◆ Task prompt
Below is a listing; write it out exactly and drop any images from it.

◆ Data below
****************************************

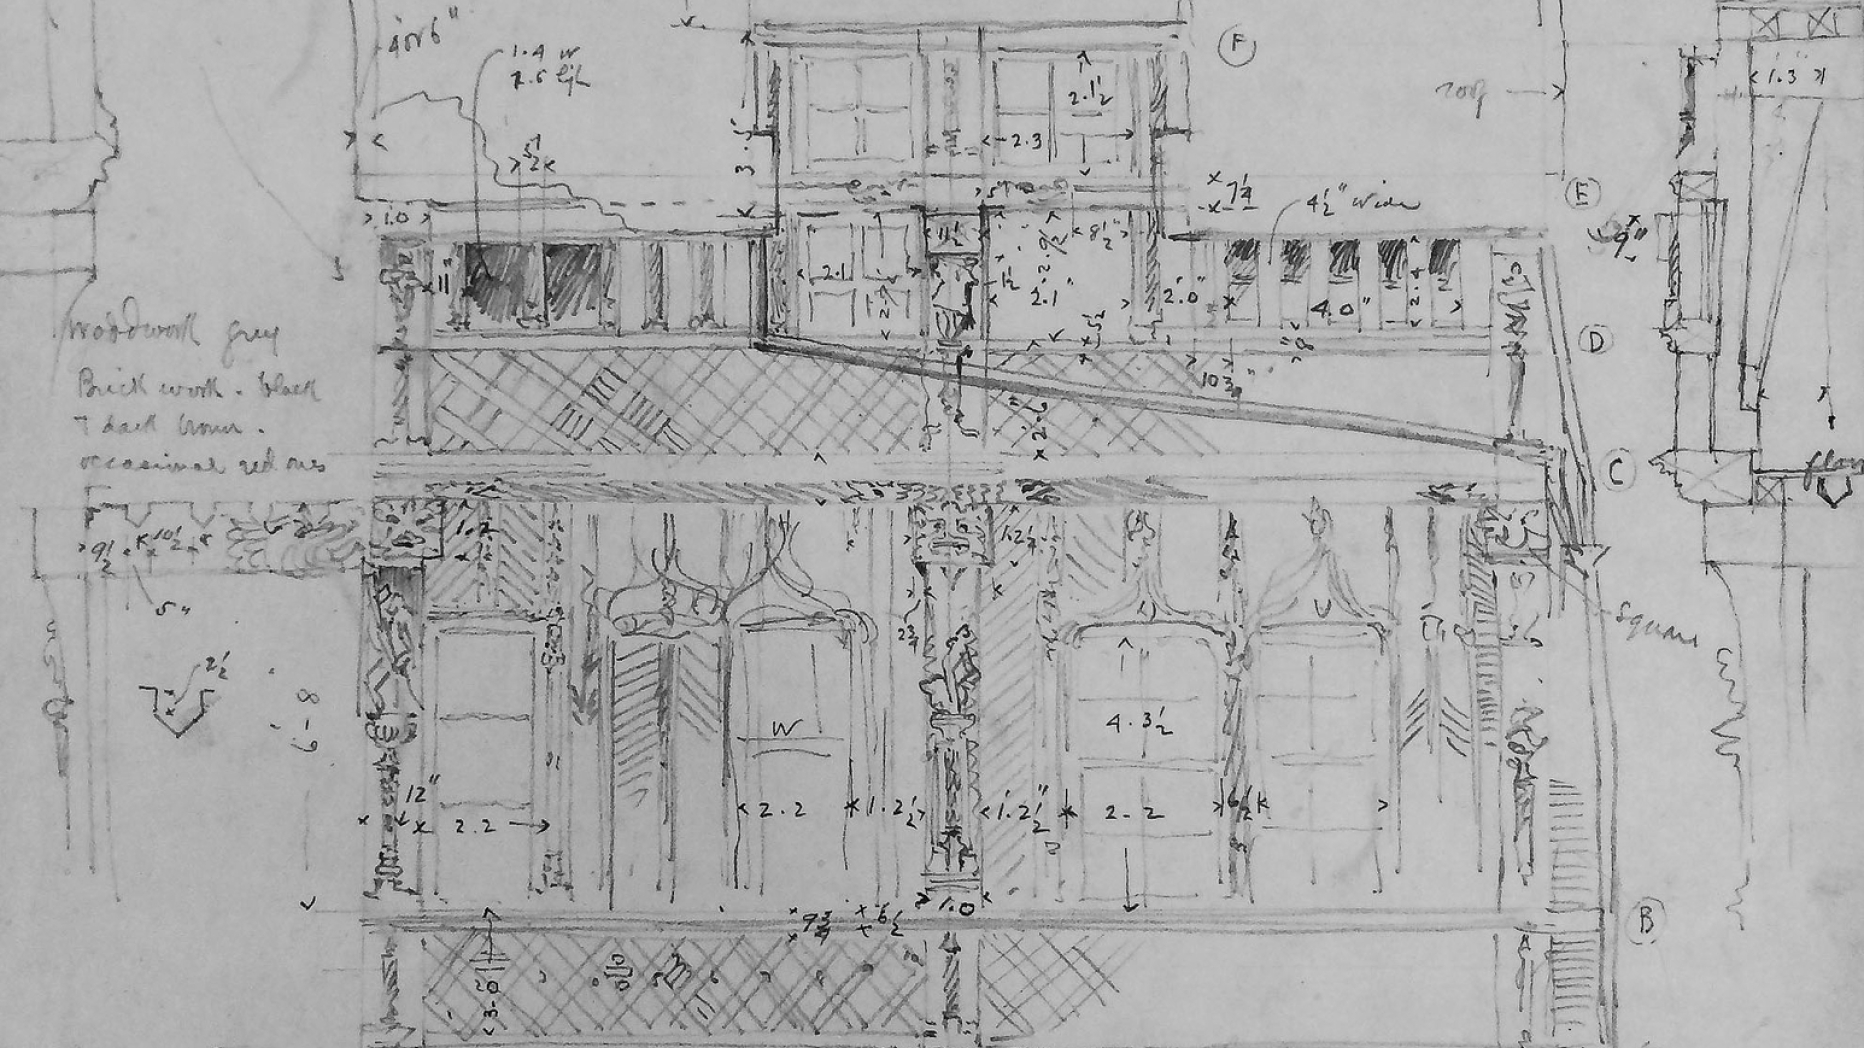 Blueprint sketch of two story house with balcony and widow's watch
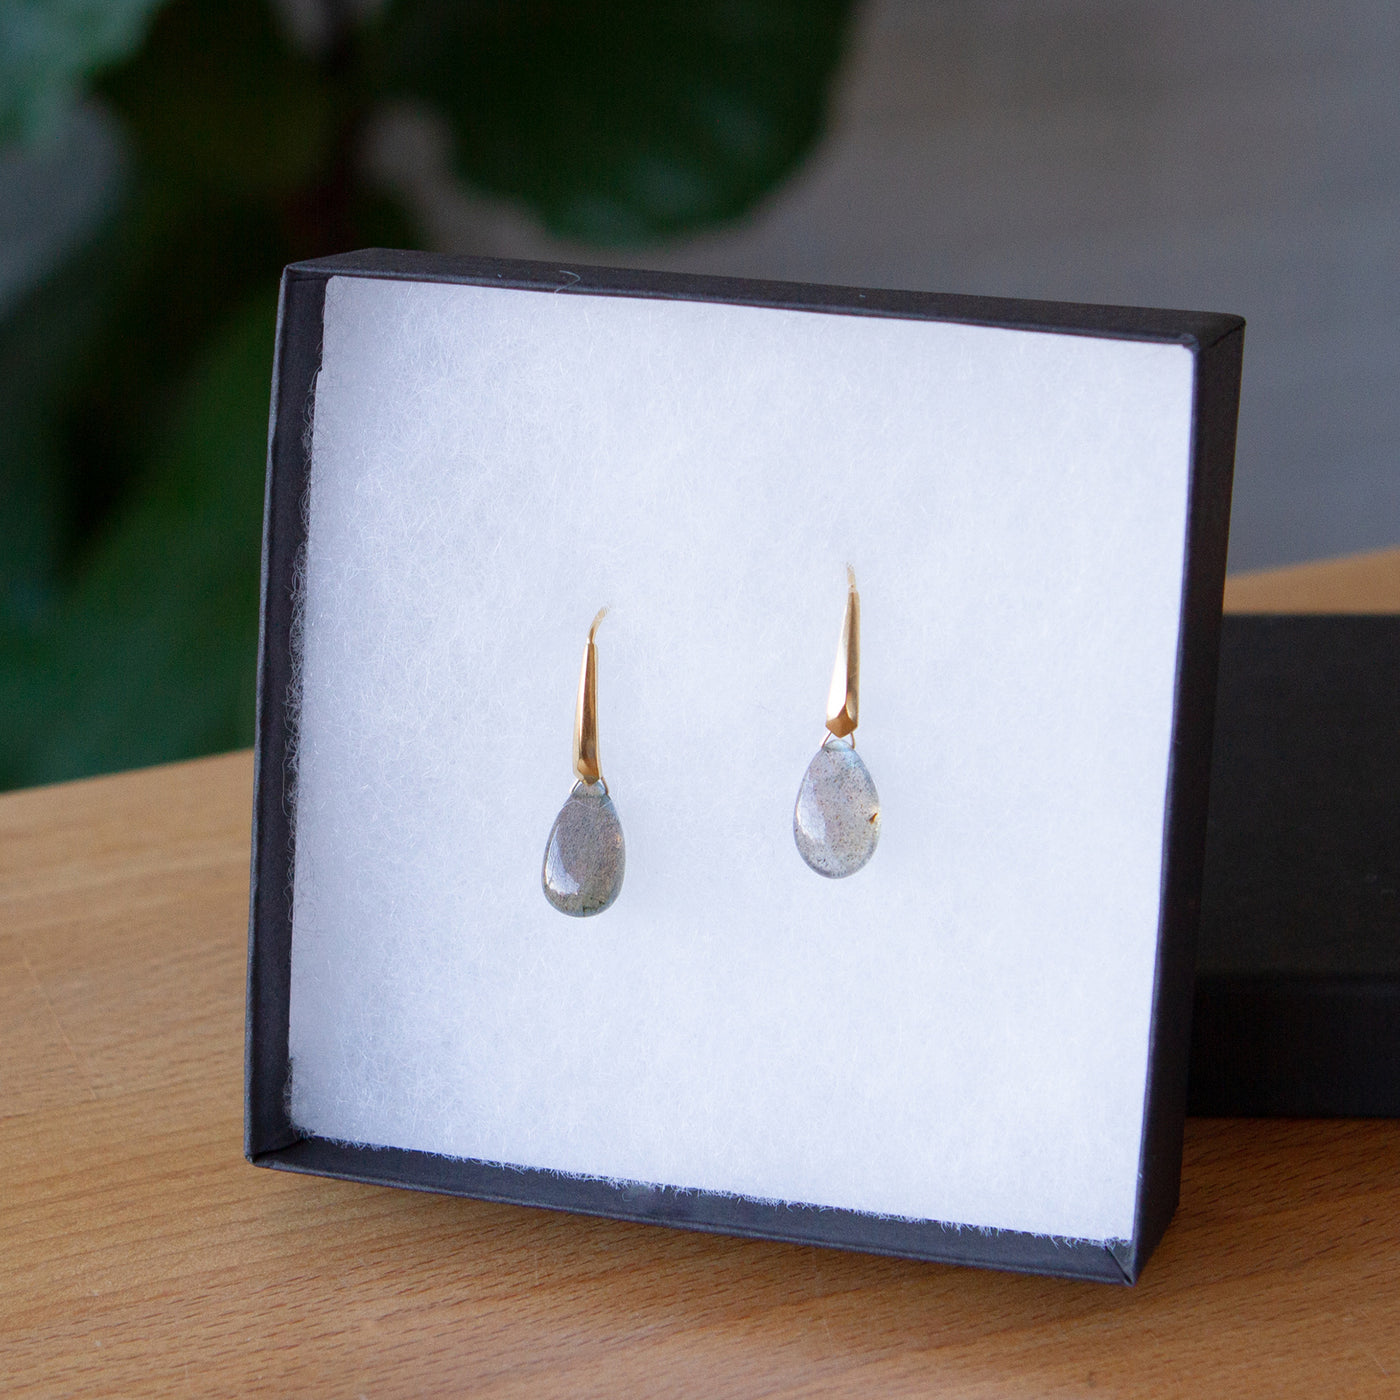 Labradorite earrings in gold vermeil propped up in a jewelry box on a wooden table
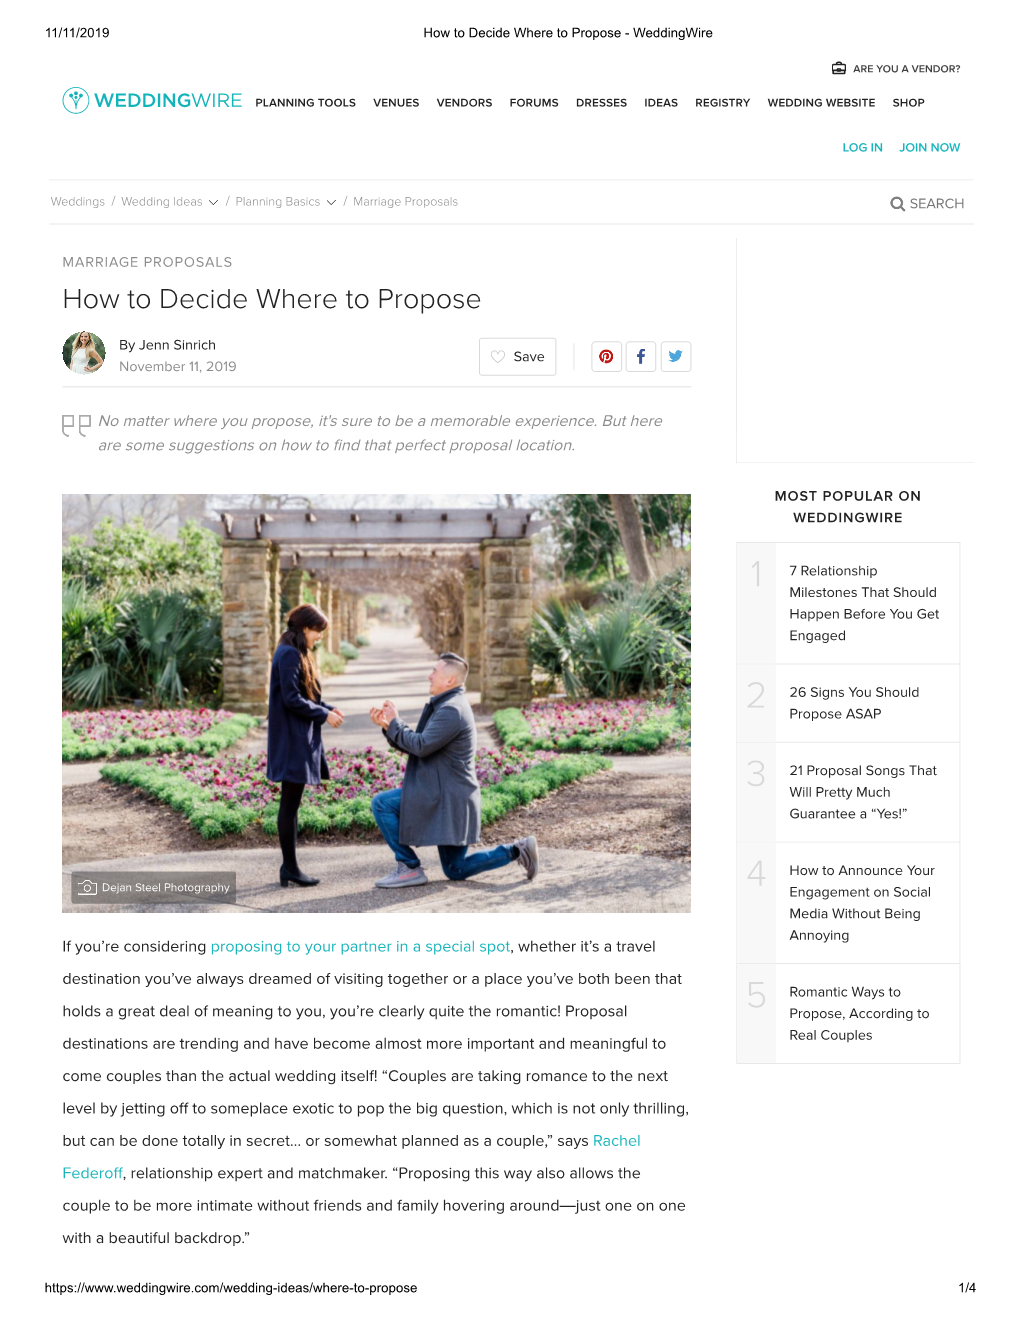 How to Decide Where to Propose - Weddingwire

****************************************

◆ Response
 Blueprint sketch of two story house with balcony and widow's watch
 Labradorite earrings in gold vermeil propped up in a jewelry box on a wooden table
 How to Decide Where to Propose - Weddingwire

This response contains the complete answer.